## ABOUT THIS EXERCISE
What you return should match the material below line for line, except that no image appears in it.

## PROVIDED MATERIAL
::::::
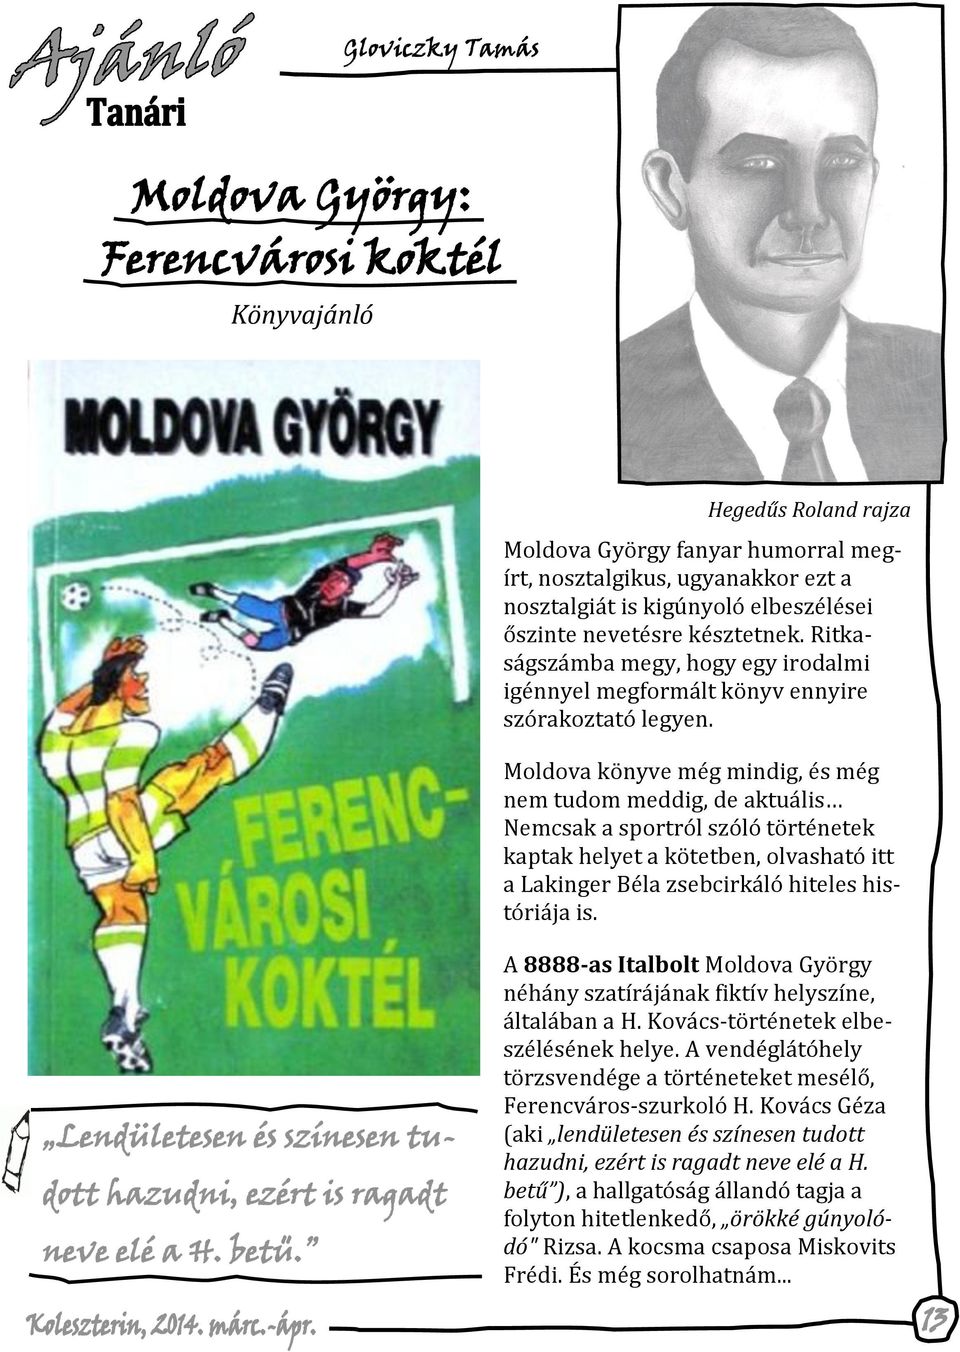 Moldova könyve még mindig, és még nem tudom meddig, de aktuális Nemcsak a sportról szóló történetek kaptak helyet a kötetben, olvasható itt a Lakinger Béla zsebcirkáló hiteles históriája is.
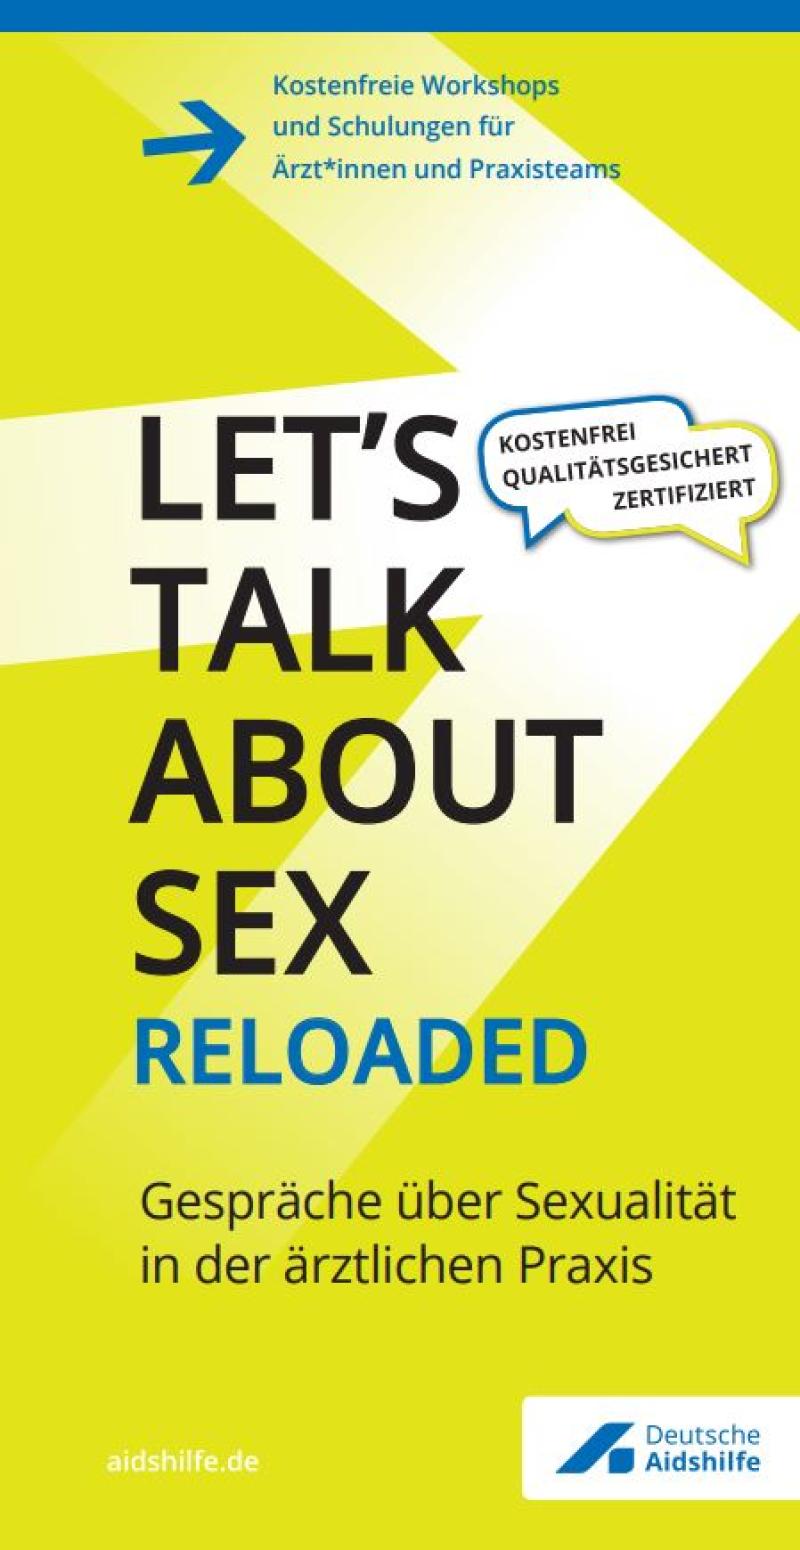 „Let’s talk about Sex reloaded“ Gespräche über Sexualität in der ärztlichen Praxis 
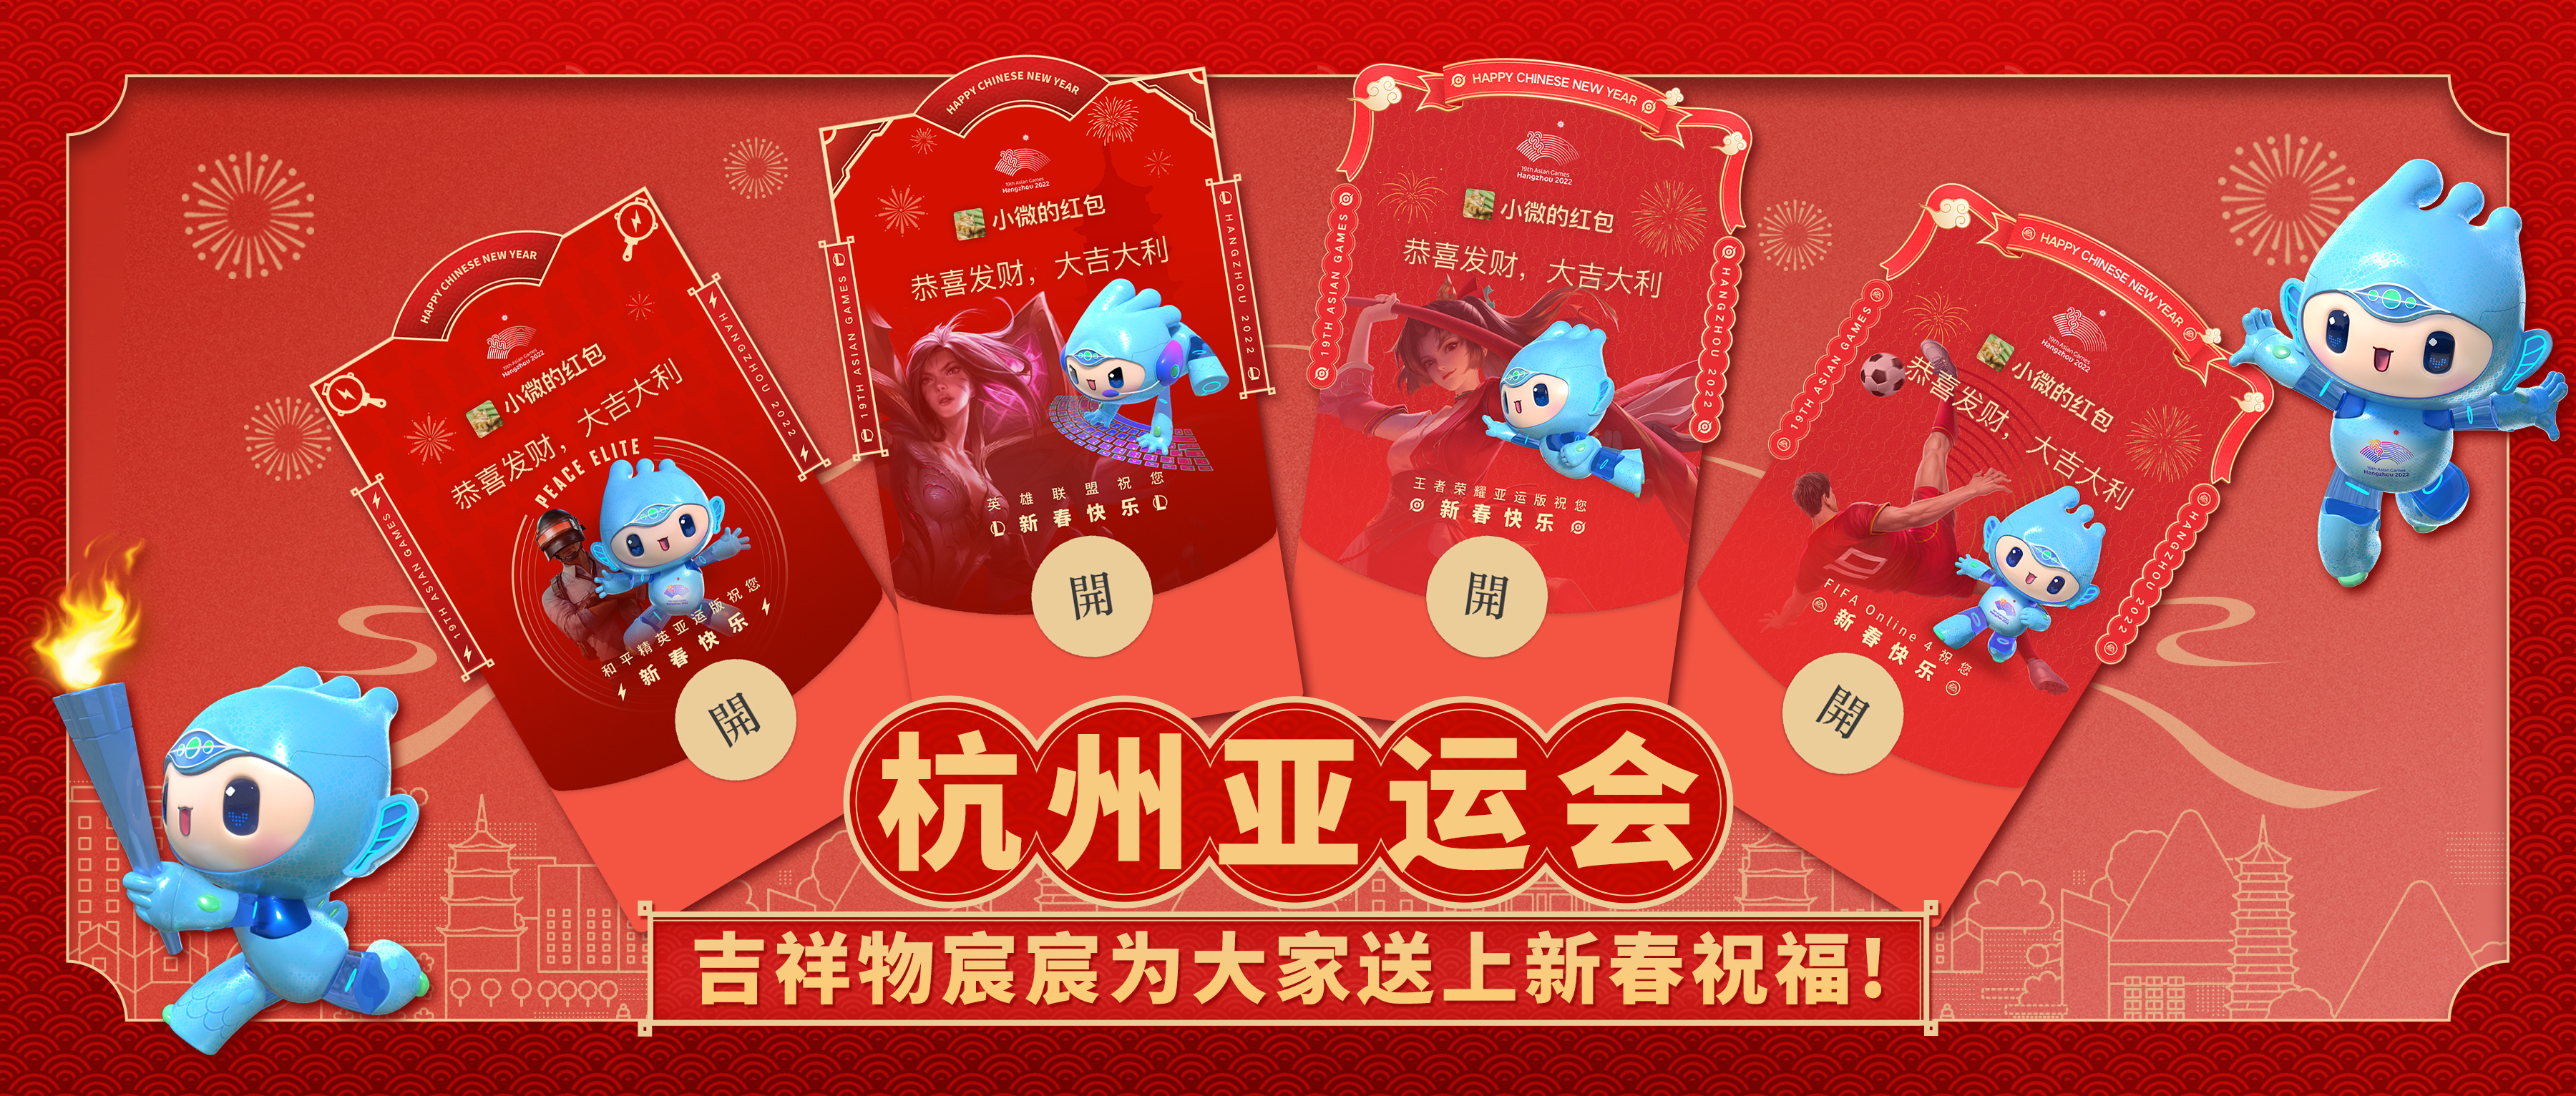 又到了拼手速的时候！杭州亚运会新年红包封面已准备就绪！
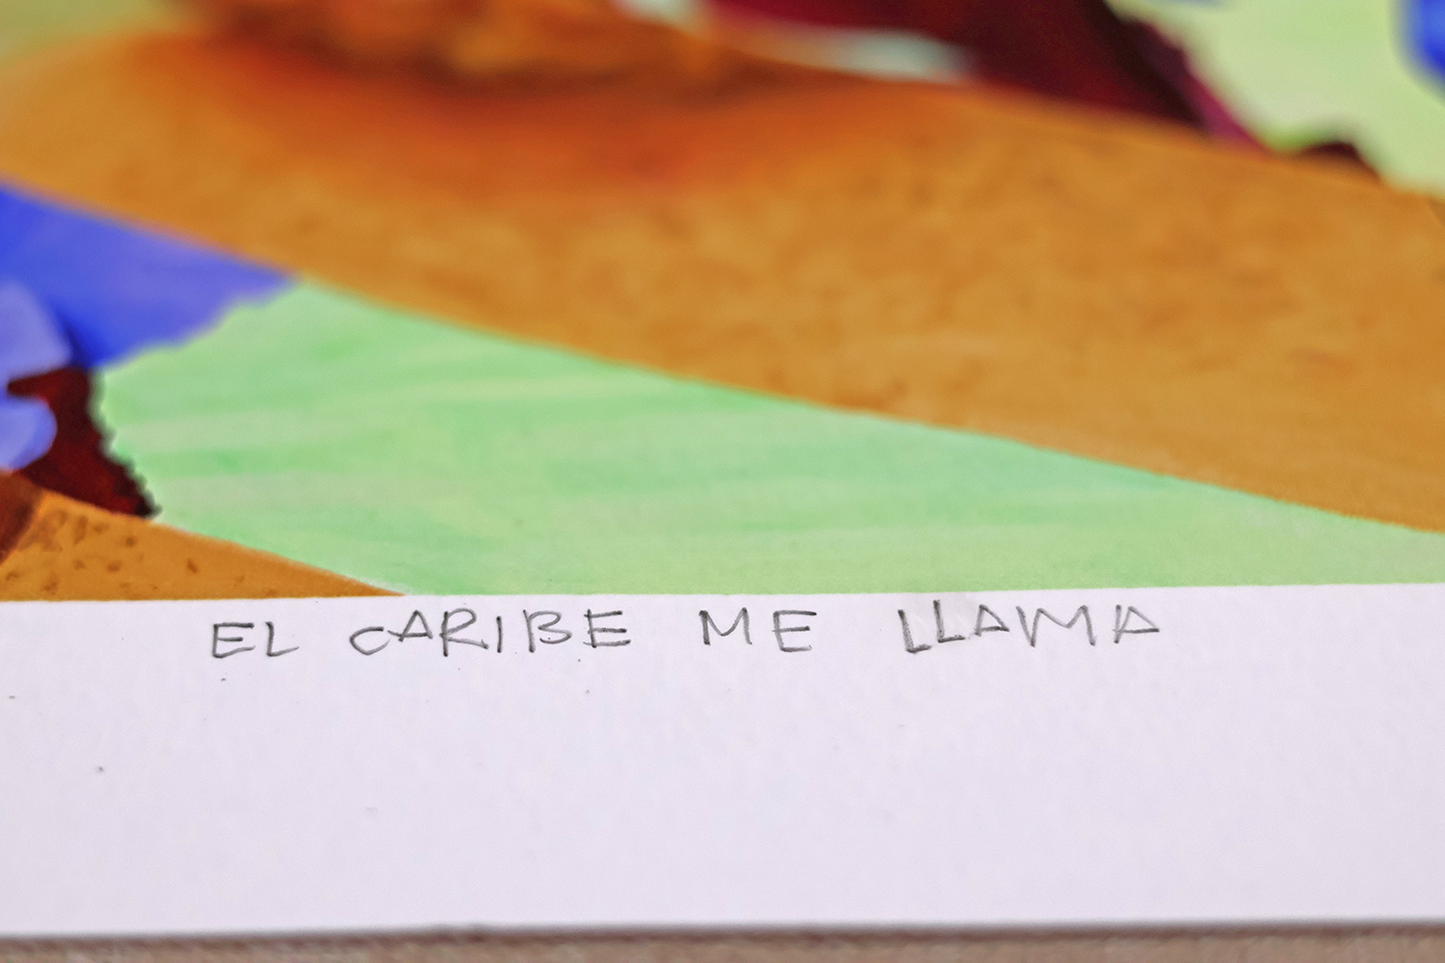 "EL CARIBE ME LLAMA"
::::::
## TASK SOLUTION
 Moldova könyve még mindig, és még nem tudom meddig, de aktuális Nemcsak a sportról szóló történetek kaptak helyet a kötetben, olvasható itt a Lakinger Béla zsebcirkáló hiteles históriája is.
 „Let’s talk about Sex reloaded“ Gespräche über Sexualität in der ärztlichen Praxis 
 又到了拼手速的时候！杭州亚运会新年红包封面已准备就绪！
 "EL CARIBE ME LLAMA"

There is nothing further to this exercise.